Over the years, judicial and legislative intervention has qualified the long-established principle of freedom of testation, and the provisions of your will are no longer the final word on the distribution of your estate. The Court illustrated this in the Edmund Scarbrow judgment when it held the terms of a will to be invalid because it unfairly discriminated against females and people of the Jewish faith.
Mr Scarbrow’s decision to create a trust in his will to provide bursaries for deserving male students who were of European descent and who were not Jewish was overruled by the Court.
It was held that he could sponsor such students during his lifetime, but on his death this decision became a matter of public concern and his selection was invalid.
Similarly, during your lifetime the decision to contribute towards a pension or provident or other retirement fund governed by the Pension Funds Act does not necessarily give you the right, on your death, to choose the recipients of such funds. The Pension Funds Act provides that on your death, your retirement benefit will be awarded by the Trustees of the Retirement Fund to your dependents, and the identity of those dependents is prescribed by the Act.
The signature of beneficiary nomination forms does not alter the position legally. If you have dependents, the Trustees will award the retirement benefit to such dependents in such proportions as the Trustees deem equitable, despite the fact that your nomination form may specify a different result.

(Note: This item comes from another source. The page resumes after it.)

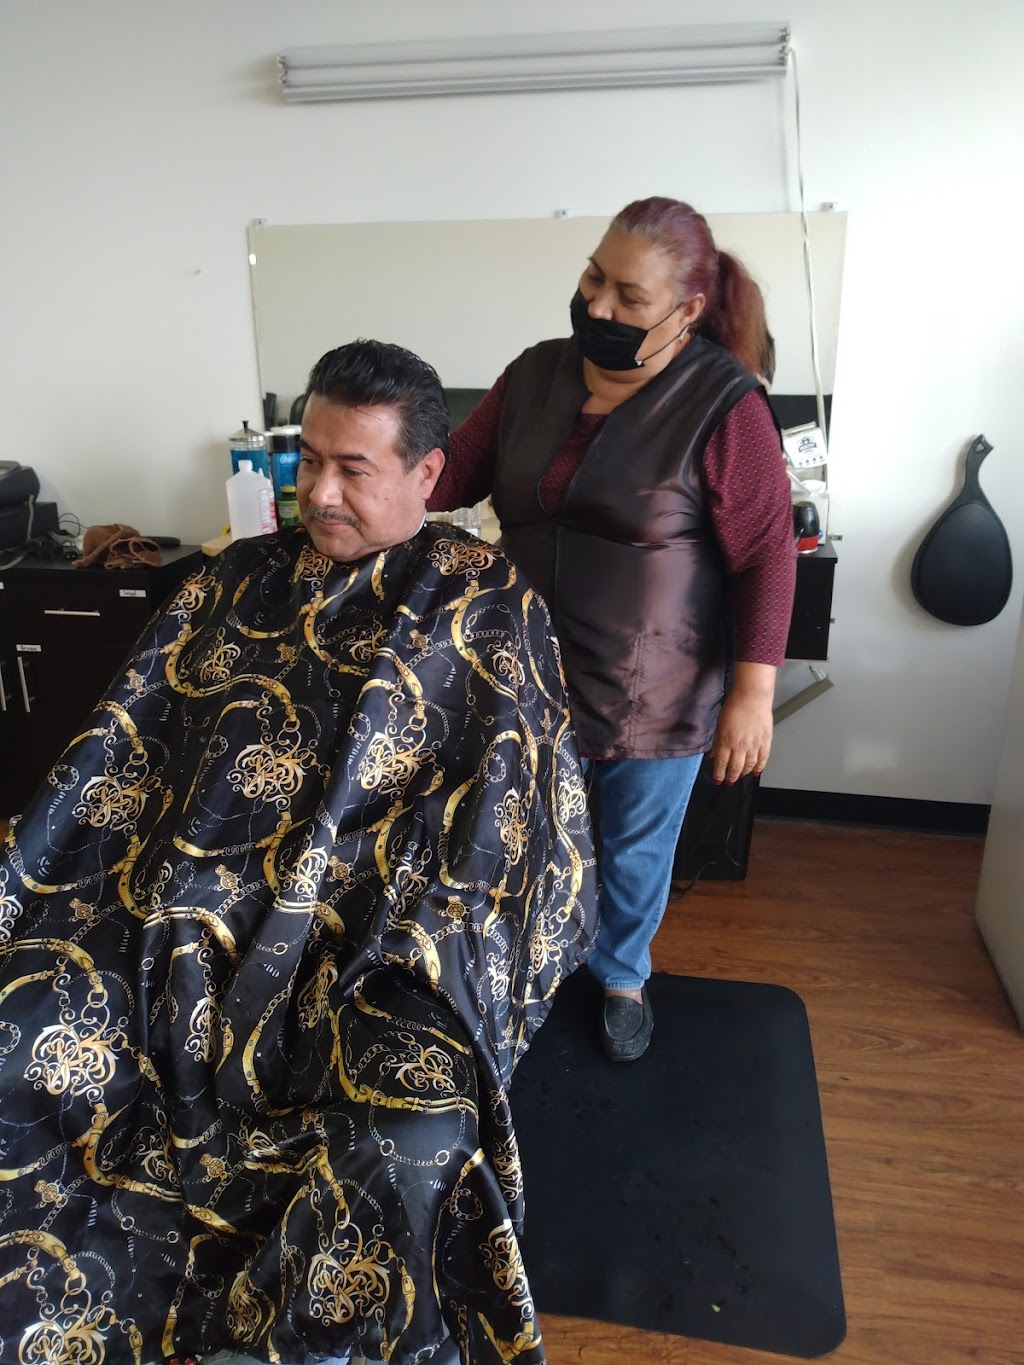 Guilles Barber Shop | 3686 Riverside Dr, Chino, CA 91710, USA | Phone: (909) 591-1199

Furthermore, if those dependents are minors, or if the Trustees of the Fund deem this appropriate, they are empowered to pay the retirement benefi t to a trust established on behalf of your dependents. Control over the decisions of the Trustees does not lie with you, the contributing member, and this may influence your selection of beneficiaries or the manner in which your estate should be distributed.
The planning of your estate is a composite exercise which must embrace all these factors – the assets that you do control and those that you do not, and in the case of the latter, an assessment of the likely recipients of such assets. Liquidity demands in your estate are dramatically affected if your cash resources such as insurance policies and retirement funds are paid outside of your estate. The need for an accurate assessment of this cannot be overestimated, particularly when minor children are involved.